For these reasons, I don’t see property evaluations as a replacement to testing in games or simulations but rather a complementary piece of evidence. In fact, by considering models that we believe to exhibit a certain property, we could use this model to inform what games are best to choose and how to design simulations that are best at testing for these properties by examining how these models perform given our expectations.
In instances where models don’t have the necessary requirements for a certain property, could we could attempt to use proxies for those capabilities in testing, such as mimicking theory of mind by giving a model the name and general behaviour of its opponent(s) in a prompt.
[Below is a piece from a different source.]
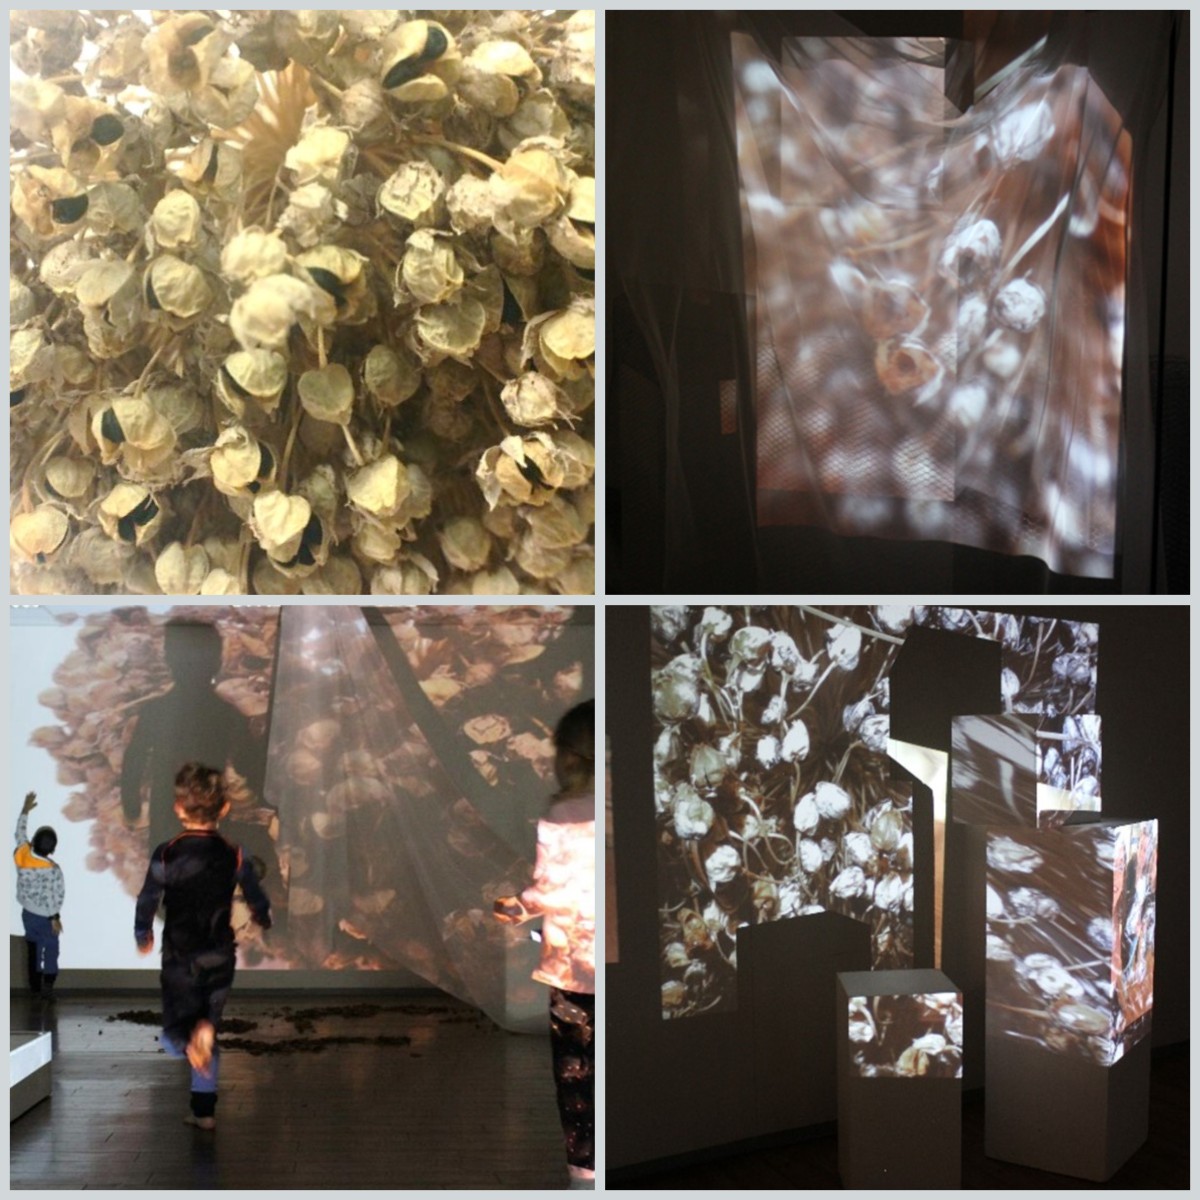 Fire foto av digital utsforsking av en purreløksblomst. Nærbilde av blomsten, små klokker. Noen barn beveger seg gjennom et rom der bildet av blomsten projiseres på veggen og tekstiler som henger fra taket.

When models do have a certain property, it would seem fruitful to try to isolate the behaviour attributed to that property. This could potentially be achieved through the means of mechanistic interpretability by trying to attempt to find steering vectors or circuits that relate to the property and steering them in different ways. This could also potentially be achieved by using prompting of the model to tell it to behave as if it has that property (although in a less direct way that just stating “pretend you are very impartial”). This type of study can serve multiple purposes:
Understanding which properties of agents are most important for facilitating similarity-based cooperation
Understanding how we can induce similarity-based cooperation in scenarios where it would be beneficial and how to prevent it in scenarios where it would be harmful (e.g collusion)
Afterword
Much of this post is quite speculative and loose and so I am sure that there are problems with the ideas proposed or some concepts or subtleties that I have completely overlooked in the rush to get this post out there. This is just my attempt to outline an approach to an area of cooperative AI that I believe is promising given my current, albeit limited, understanding of the field. As I learn more about this topic and how to run experiments, I hope that will be able to give deeper explanations of the necessary properties and how they interact and also more concrete and actionable steps for experimentation. Please let me know where and why you think I am wrong or where I have been unclear!